Will it not promote resistance and terror rather than security
and peace?
The present Israeli government, though spreading false rhetoric
about peaceful aspirations and antiterror measures, is actually
doing the utmost to inflict destruction, humiliation and
poverty, which are the true infrastructures of terror. It is the
role of every fair-minded citizen who abhors terror to take
actions that will bring Israel to its senses. Putting Israel on
trial in The Hague is one such action; however, it is not
enough.
We ask millions of Americans to apply pressure on the U.S.

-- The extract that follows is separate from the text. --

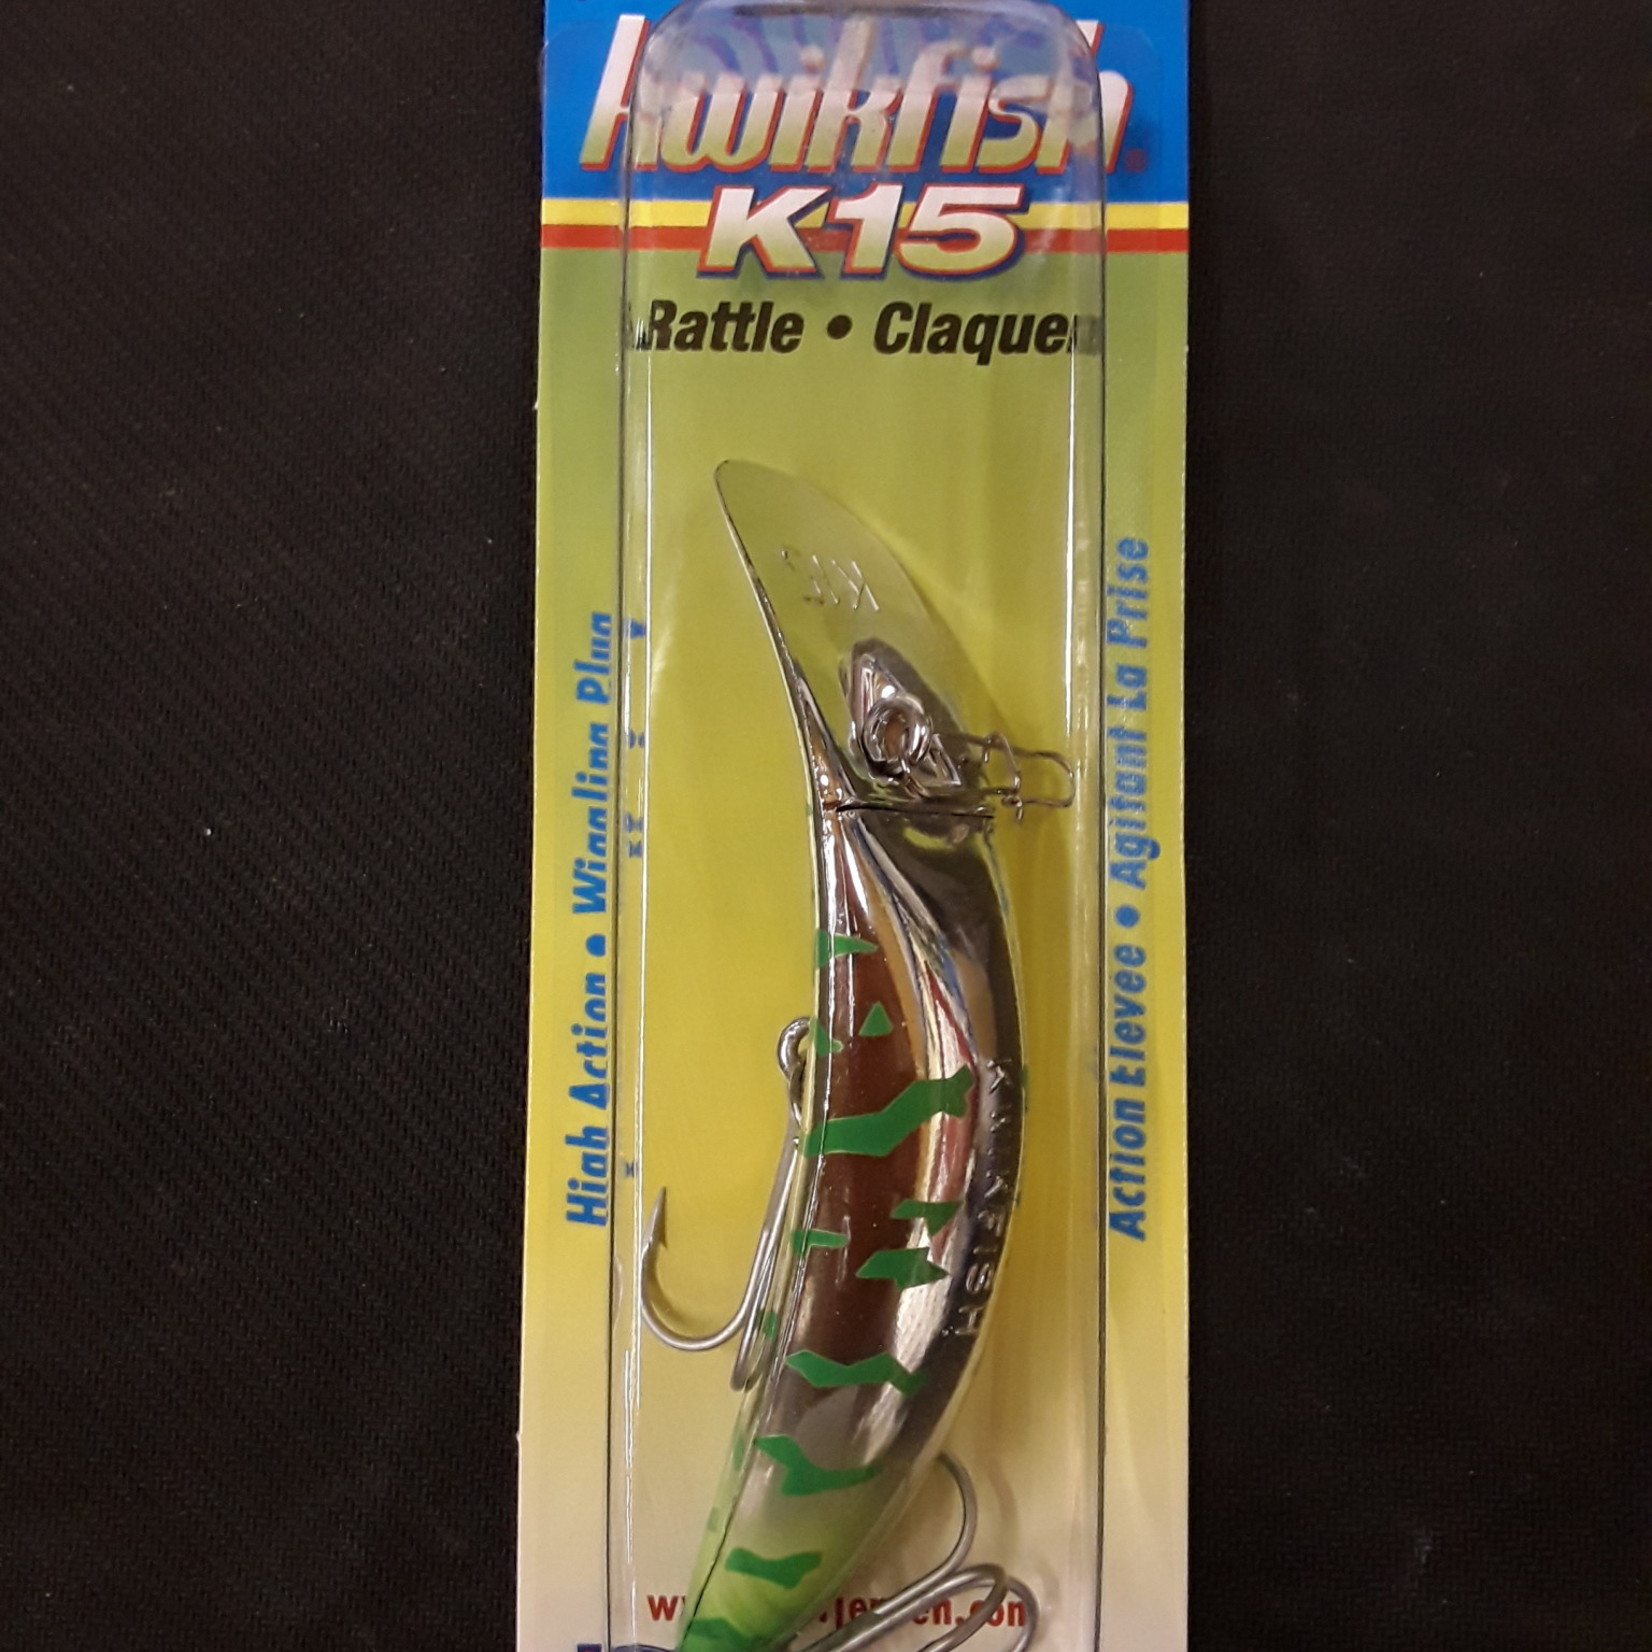 Luhr-Jensen Kwikfish K15 Rattle

government to halt Israel from building this wall and from
continuing its path to self-destruction. As Jews contemplating
our history, we realize that the only path to safety is through
mutual recognition, not domination. As the prophet Zechariah
wrote:
"These are the things you shall do: Speak truth to one another,
render in your gates judgments that are just and make for
peace." (Zechariah 8:16). We desperately need the loving help of
the citizens of the free world. It is time for those who truly
support Israel to bring down this wall.
Leibowitz is an Israeli human rights lawyer. Nir is an Israeli
physicist who is a member of Ta'ayush, an Arab-Jewish group that
works to end racism and segregation.